The result: Expanding aquatic dead zones and shrinking shellfish harvests. The collapse of vegetation like eelgrass, a buffer against worsening storms. In the ponds, water too dangerous to touch. And a smell that Ms. Fisher characterizes, charitably, as “earthy.”

Together, the changes threaten the natural features that define Cape Cod and have made it a cherished destination for generations.

Ms. Fisher with fistfuls of mussels retrieved from the river’s bottom that died from lack of oxygen.
A neighborhood in Mashpee. Development has increased the amount of nitrogen and phosphorous discharged into rivers, ponds and bays.

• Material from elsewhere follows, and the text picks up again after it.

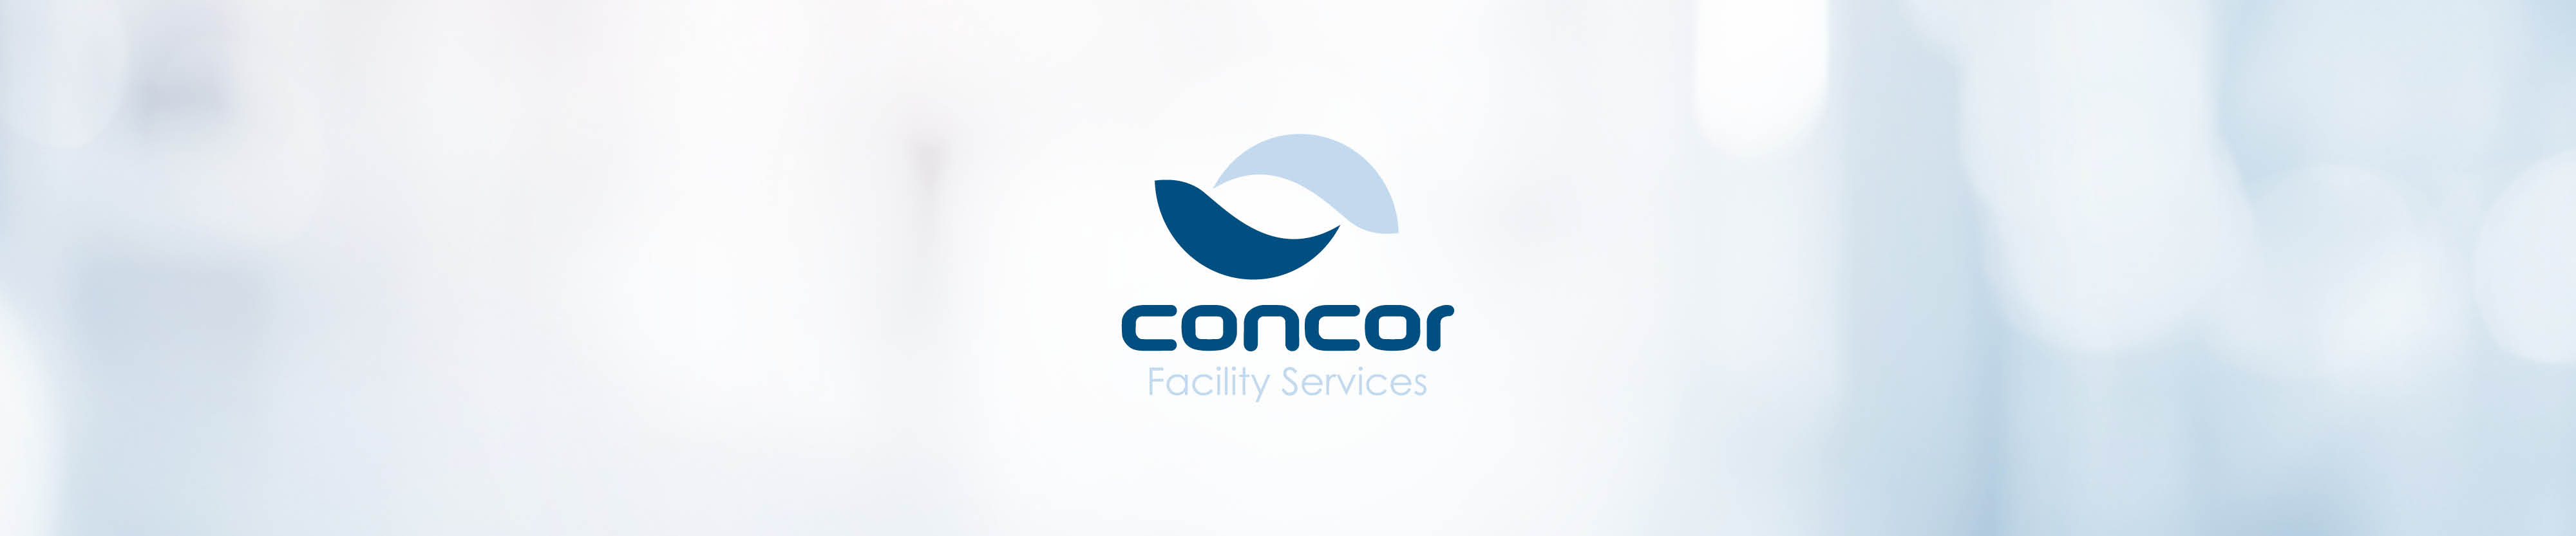 Concor Facility Services Contact Banner

In response, and after several lawsuits filed by environmentalists, Massachusetts has proposed requiring Cape communities to fix the problem within 20 years, through a mix of upgrading the septic tanks used by homes that aren’t connected to city sewer systems, and by building new networks of public sewer lines.

Local officials say the plan would run into the billions of dollars and push housing costs beyond the means of many residents.

“It is physically, financially and logistically impossible for us to meet that standard,” Robert Whritenour, town administrator of Yarmouth, one of the largest towns on the Cape, told state officials during a December public hearing in Hyannis. “It’s simply unfair.”